Mete la mano en el bolsillo del abrigo y yo no puedo respirar.

Avanza otro paso hacia mí, uno de sus zapatos cruje en el silencio mientras escruto el rostro de mi marido, y en ese momento las palabras de una parte de la ceremonia de nuestra boda brotan en mi mente con la claridad de una campana en una soleada mañana de domingo: «Amar lo que sé de ti, y confiar en lo que aún no sabemos». Pero ¿qué se yo, en realidad? Paul, llevo casi diez años a tu lado, sé por dónde te corre el sudor cuando llegas al orgasmo, recuerdo la expresión de tu cara cuando sacaron a nuestros hijos de mi cuerpo desgarrado, te he visto cagar, vomitar y gritar de dolor. Conozco tus espasmos musculares cuando duermes, por dónde te cae el moquillo cuando el dolor ocasional abruma tu talante risueño, siento tus miedos más profundos y me río con tus suposiciones más arrogantes. Sé que quieres ser incinerado en lugar de enterrado, y que esperas que Josh y Ava, para entonces ya adultos hechos y derechos, y yo, desde lo alto de un impresionante acantilado en Devon, esparzamos tus cenizas a los vientos del oeste.

He compartido una vida contigo, he creado dos nuevas vidas contigo, he esperado acabar mis días contigo, he pasado incontables horas contigo, pero ahora, aquí, bajo el río que pasa por la ciudad en la que hemos vivido esa vida, me doy cuenta de que no te conozco en absoluto.

No sé de lo que eres capaz, no puedo desentrañar tus intenciones ni tus motivos. Puedes estar a punto de matarme o de abrazarme, no sabría decirlo. Hemos destruido la confianza. He mentido por ti, he cometido perjurio en un esfuerzo por preservar esa vida perfecta, he abandonado a Lex a su suerte… ¡Oh, Melody, lo siento! En su momento creí que la elección no era mía.

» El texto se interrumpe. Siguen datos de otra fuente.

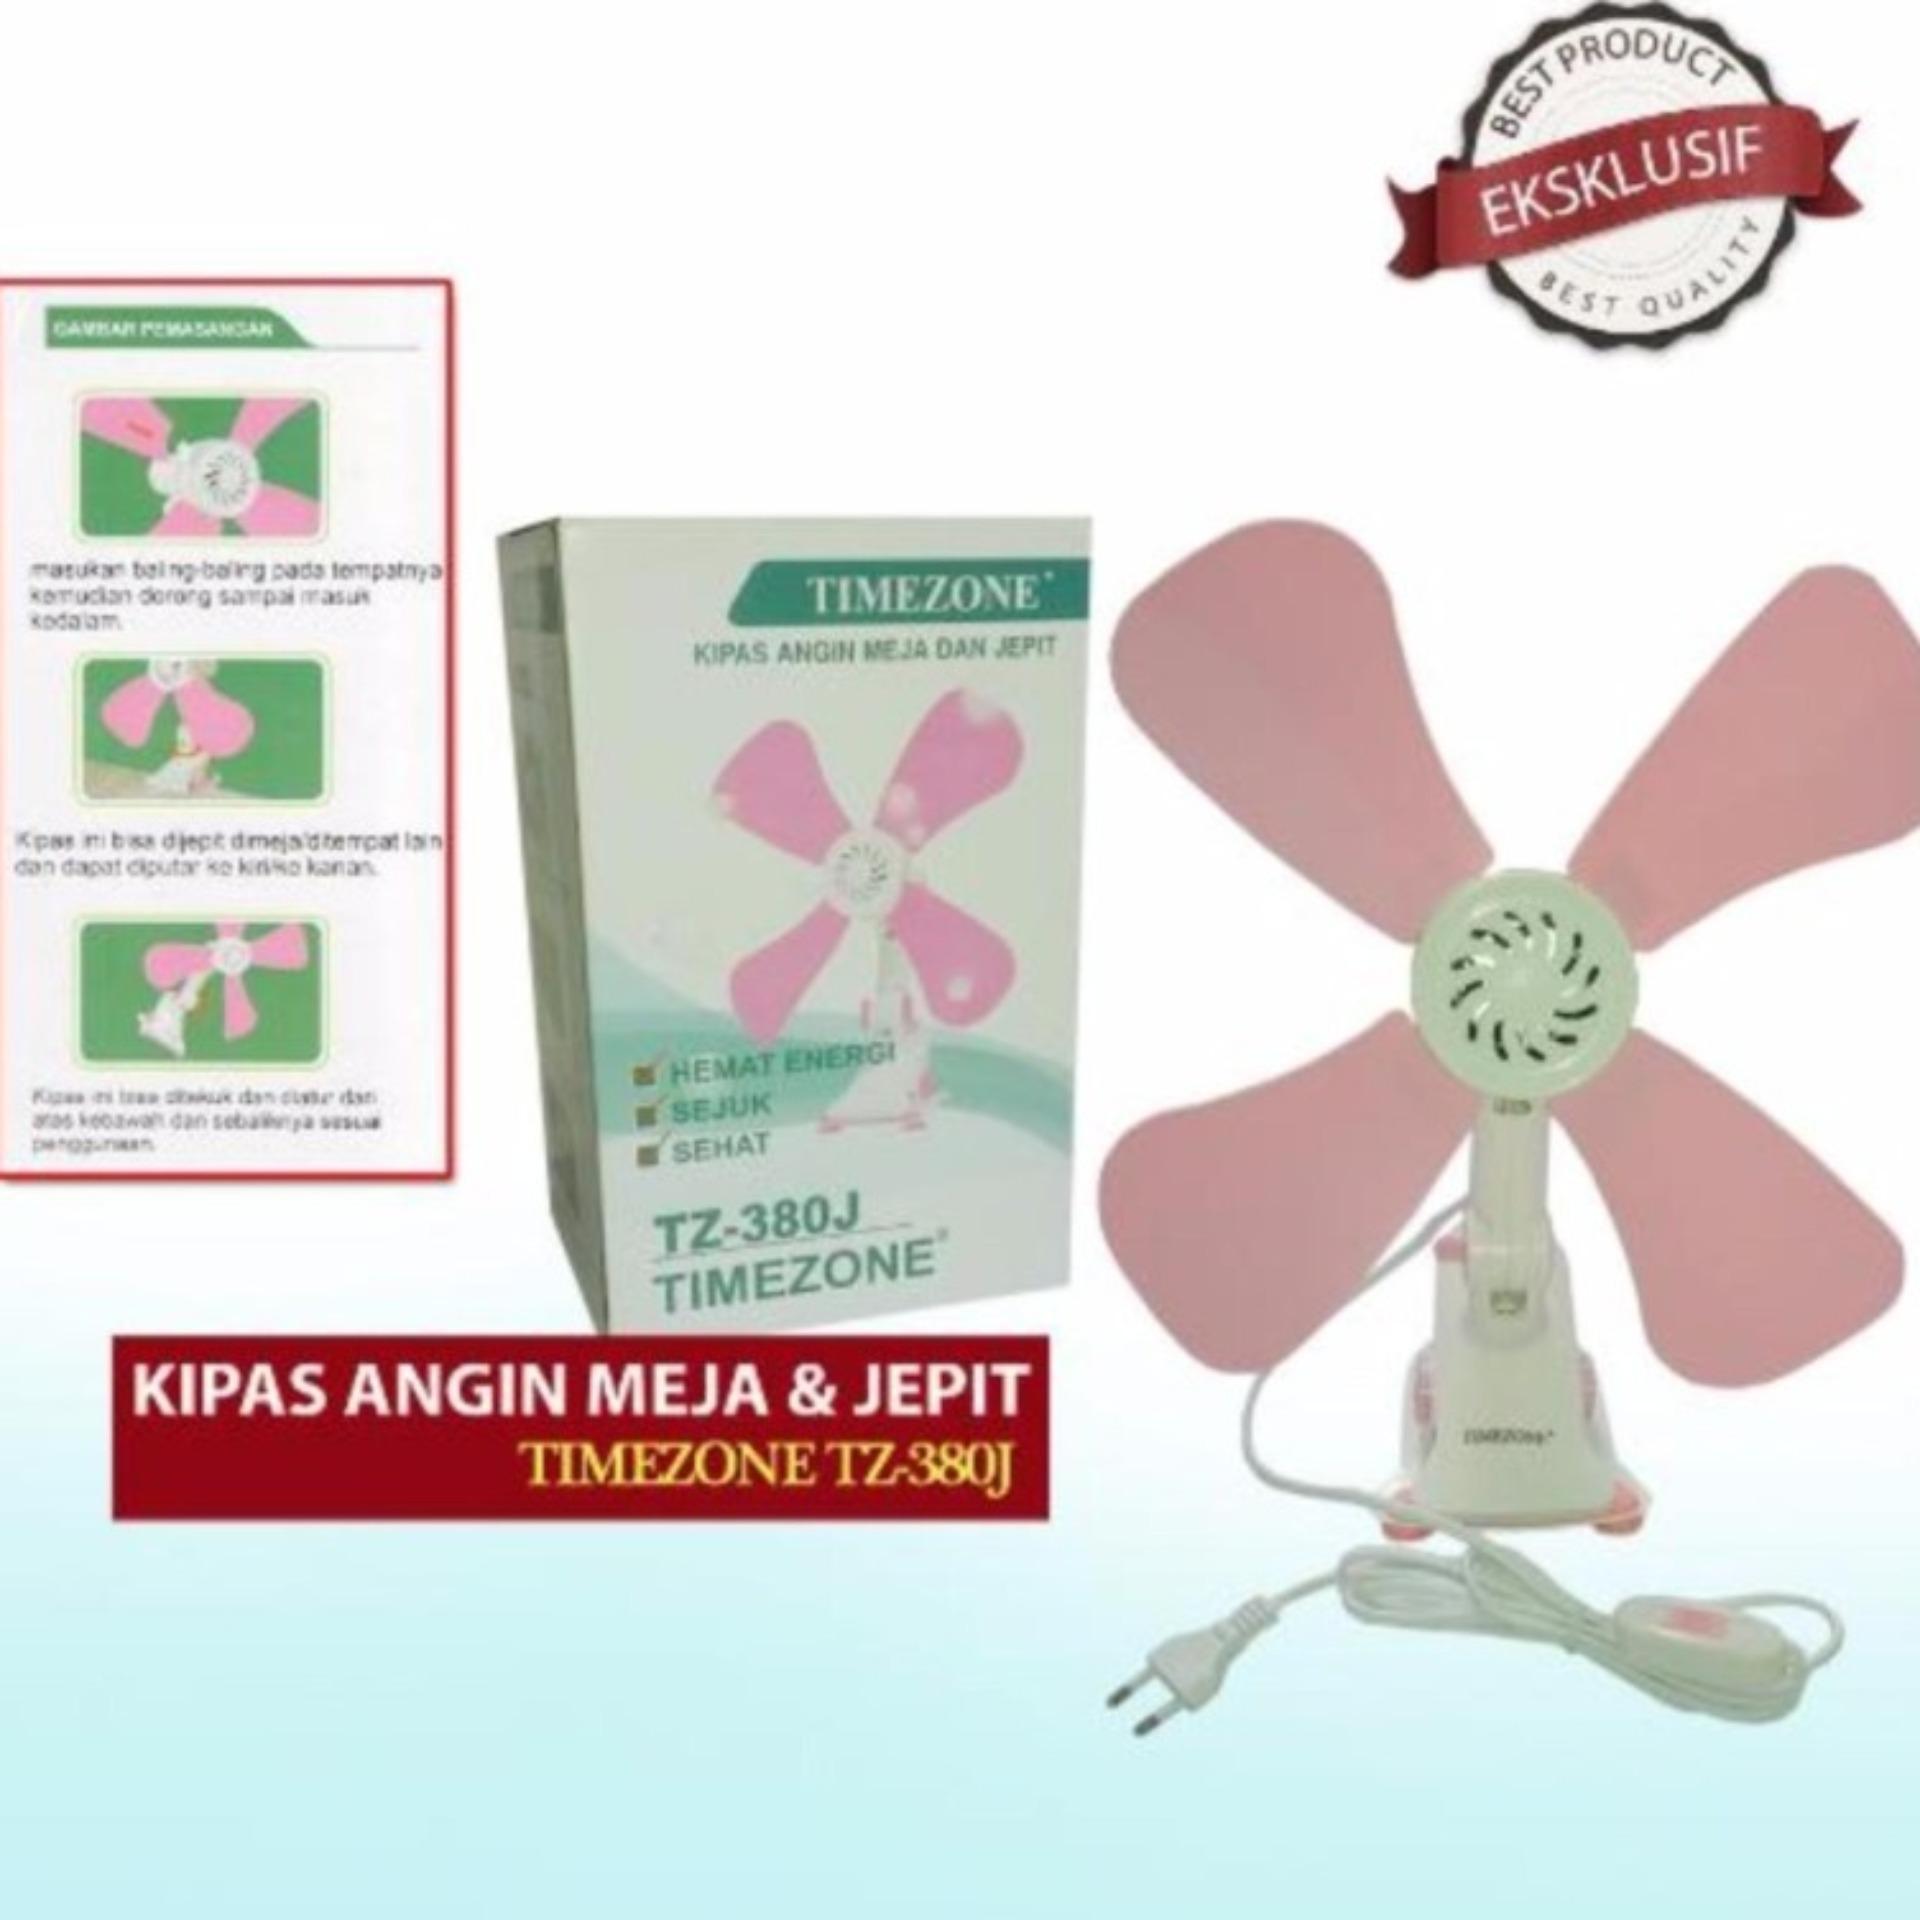 Toko Ouyashi Kipas Angin Jepit 4 Baling 3In1 Duduk Jepit Gantung Oy 380J Pink Murah Dki Jakarta

—Pareces a punto de desmayarte —dice Paul mientras saca un pañuelo del bolsillo y me lo tiende. Me lo llevo a la cara, como una bandera blanca de rendición—. Venga, apóyate en mí y salgamos de aquí.

Llegamos por fin al otro extremo y ni siquiera puedo emitir un gemido cuando veo el cartelón que indica que también ese ascensor está fuera de servicio. Tiro de mi cuerpo por la interminable escalera más allá de los charcos de orina. La palma de la mano me huele como a sangre por culpa del óxido de la barandilla.

—Espera aquí, voy a buscar el coche —dice Paul cuando llegamos arriba, a la salida—. No quiero que camines más. —Me derrumbo en un murete bajo y Paul me tiende mi bolso.

—¿Puedes traerme un poco de agua? Allí hay una tienda.

Baja por el camino a grandes zancadas, cruza la calle hasta el supermercado veinticuatro horas y desaparece bajo el letrero de neón. Saco mi móvil y marco el número de O’Shea. Nuestra conversación es breve, le digo que quiero rectificar mi declaración y le resumo por qué. Percibo una nota de triunfo en su voz: misión cumplida, debe de estar pensando. Cuando vuelve Paul, sigo sentada en el mismo sitio.

Acomodada en el asiento del pasajero, doy varios tragos largos de agua mineral y, antes de que lleguemos al final de la calle, me quedo dormida.